I just released the 0.1 version of bitintr my library for using the Bitwise Manipulation Intrinsics supported by rustc (ABM, TBM, BMI1, BMI2). It is a bit off-topic because it is not about SIMD, but not completely off-topic because it is about intrinsics.


I think the best solution to the SIMD issues I am having is going primarily on the Clang / OpenCL / GLSL / HLSL / Metal track and have something similar to [u8; 8] but for SIMD vectors that magically support swizzling, shuffling, and the more complicated constructors via the compiler. (This has been done before, like @sanxiyn mentioned)

The main issue with the current SIMD implementation for me is that it complicates basic things massively compared to Clang C, and the types are entirely arbitrary and there’s loads of complications so I can’t even write a macro to abstract it away. I just want to write let position = matrix * float4(input.position, 1.0) or something like that if input.position is a float3 and have it work. If I have to add extern stuff to call intrinsics then that’s more than fine for me, I think we can leave most of that up to some crates at least to start with.

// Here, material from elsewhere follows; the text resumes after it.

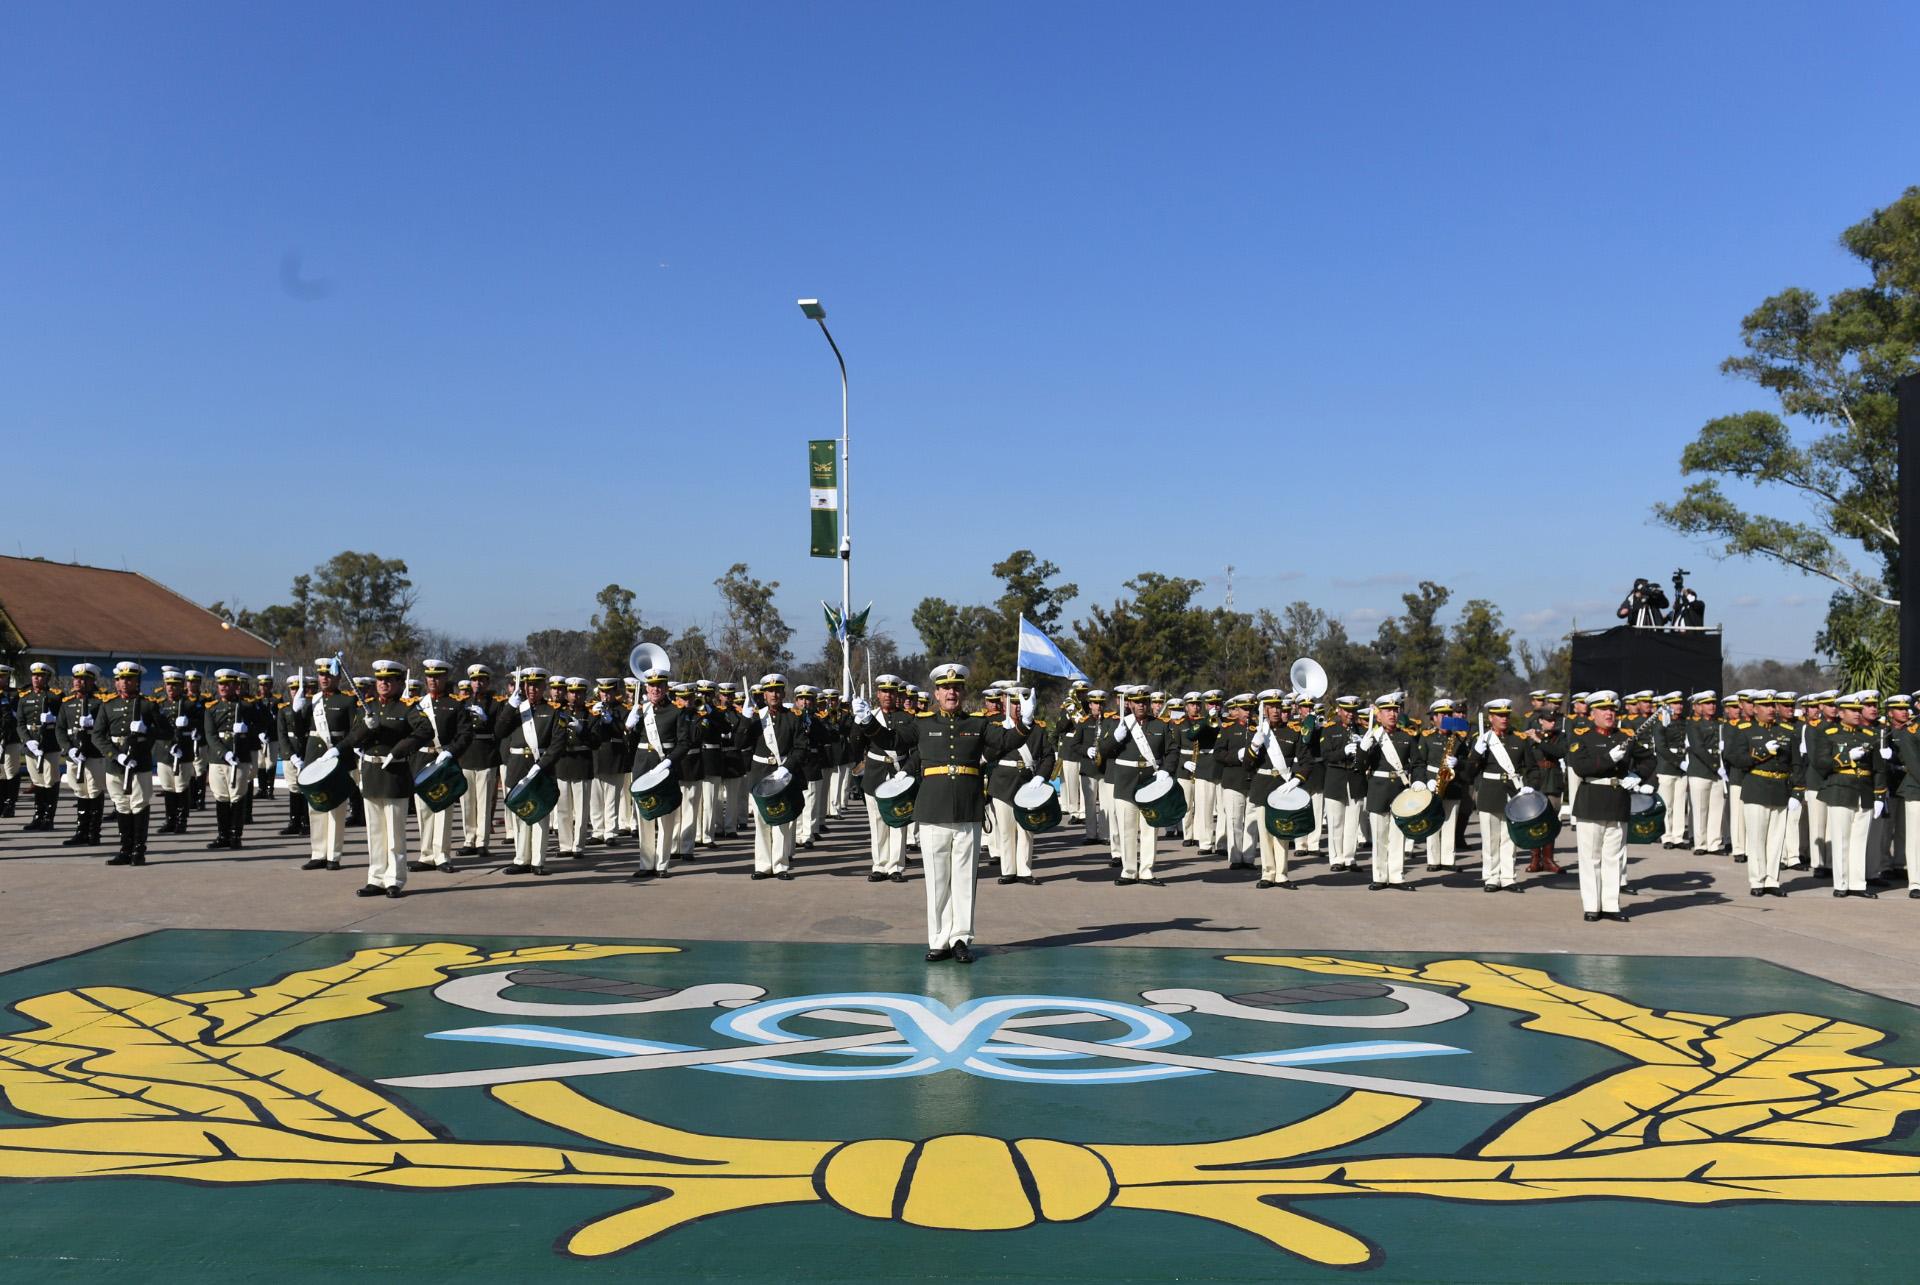 Para esta ocasión, la banda especial de la Gendarmería fue conformada integrantes de la escuela Martín de Güemes, del instituto Juan Adolfo Romero, y la banda del Comando de Región I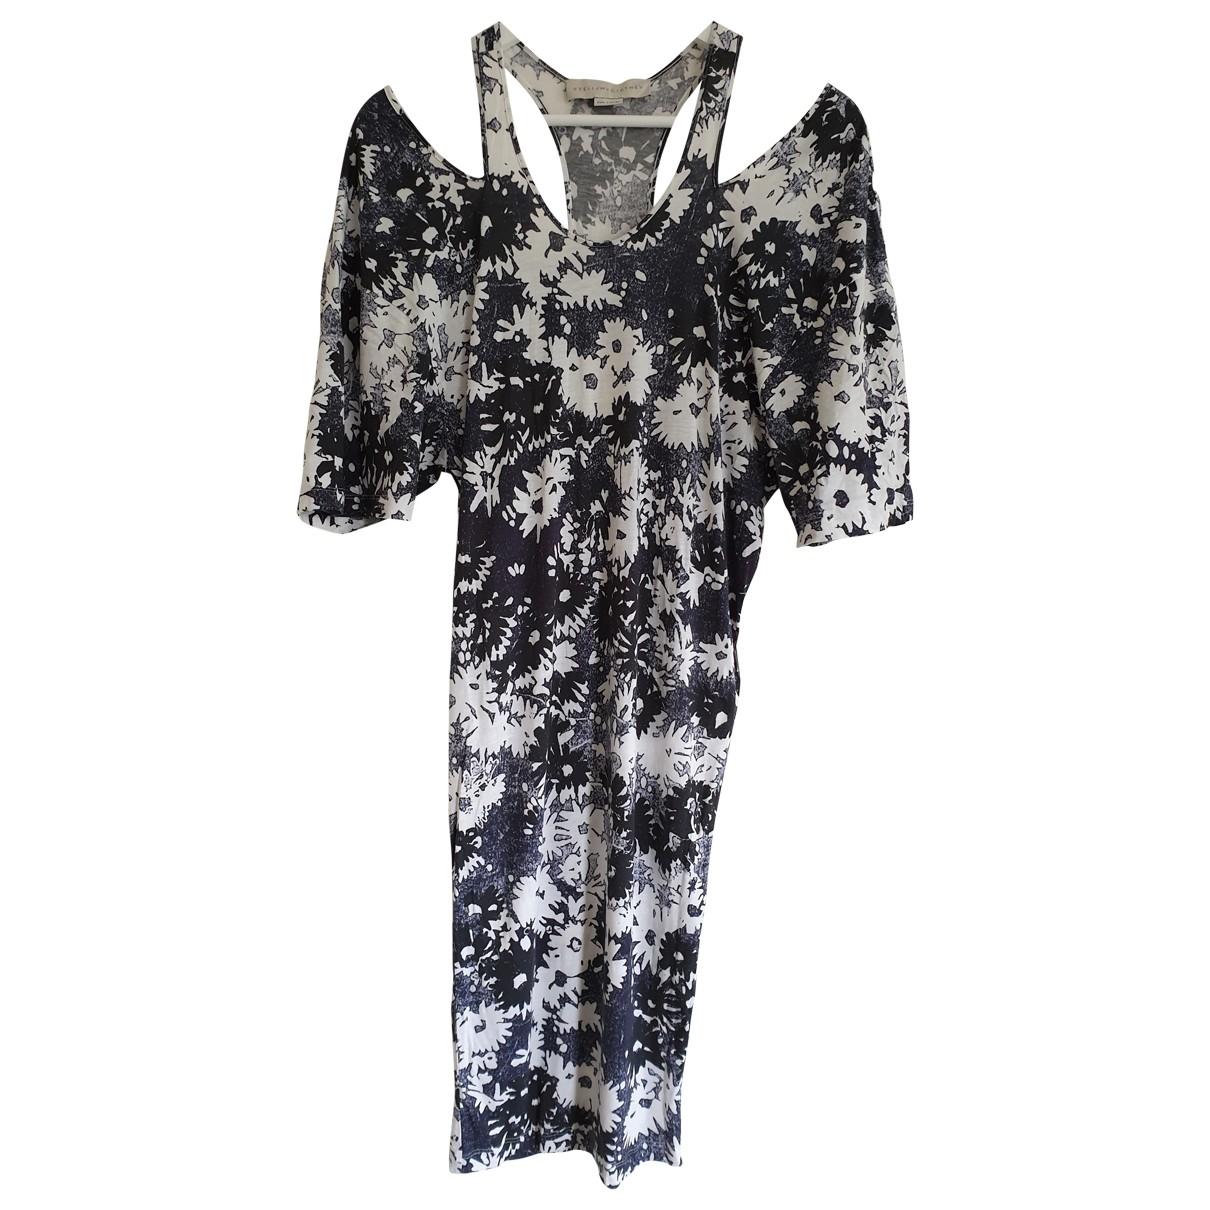 Stella Mccartney \N Grey dress for Women 38 IT

If we also want Intel-compatible intrinsics (as opposed to the LLVM) that actually match the stuff we do in C, then we can let a crate or something do that. I don’t think there’s any actual road-blocks to that even with our current #[repr(SIMD)] and they could then be converted to the OpenCL-like stuff at a later date with no change in interface. I honestly think that if you just want to call random intrinsics then the current stuff is kinda okay.


I talked to @burntsushi on IRC and they told me to clarify why I think the current implementation of #[repr(simd)] is a less future-compatible building block for SIMD vector types. I’m not sure if I’m able to, but this is my attempt!

Instead of SIMD vectors behaving like struct X I would like if they behaved like [T; n]. This allows for some neat stuff later, so let’s imagine a macro simd_vector_ty![T; n] returning a vector type to avoid any new syntax:

type f32x4 = simd_vector_ty![f32; 4];
type __m128 = simd_vector_ty![f32; 4];

It should in most ways act like a [T; n] array, but I’m not sure what would work best for a constructor f32x4(x, y, z, w), simd_vector_ty![x, y, z, w] or just solve it the Intel intrinsic way and not have a stable / portable constructor for now.

Utilising generic integers

If (when?) we get generic integers (I’m going to just make up syntax here, ignore that bit), we want to be able to use them to make SIMD vectors more comfortable and generic. If we use tuple structures it isn’t obvious how we would utilise this, but if it is a type like [T; n] then we’re forward compatible.

You’ll see how C++/Metal templates solve this compatability in the appendix.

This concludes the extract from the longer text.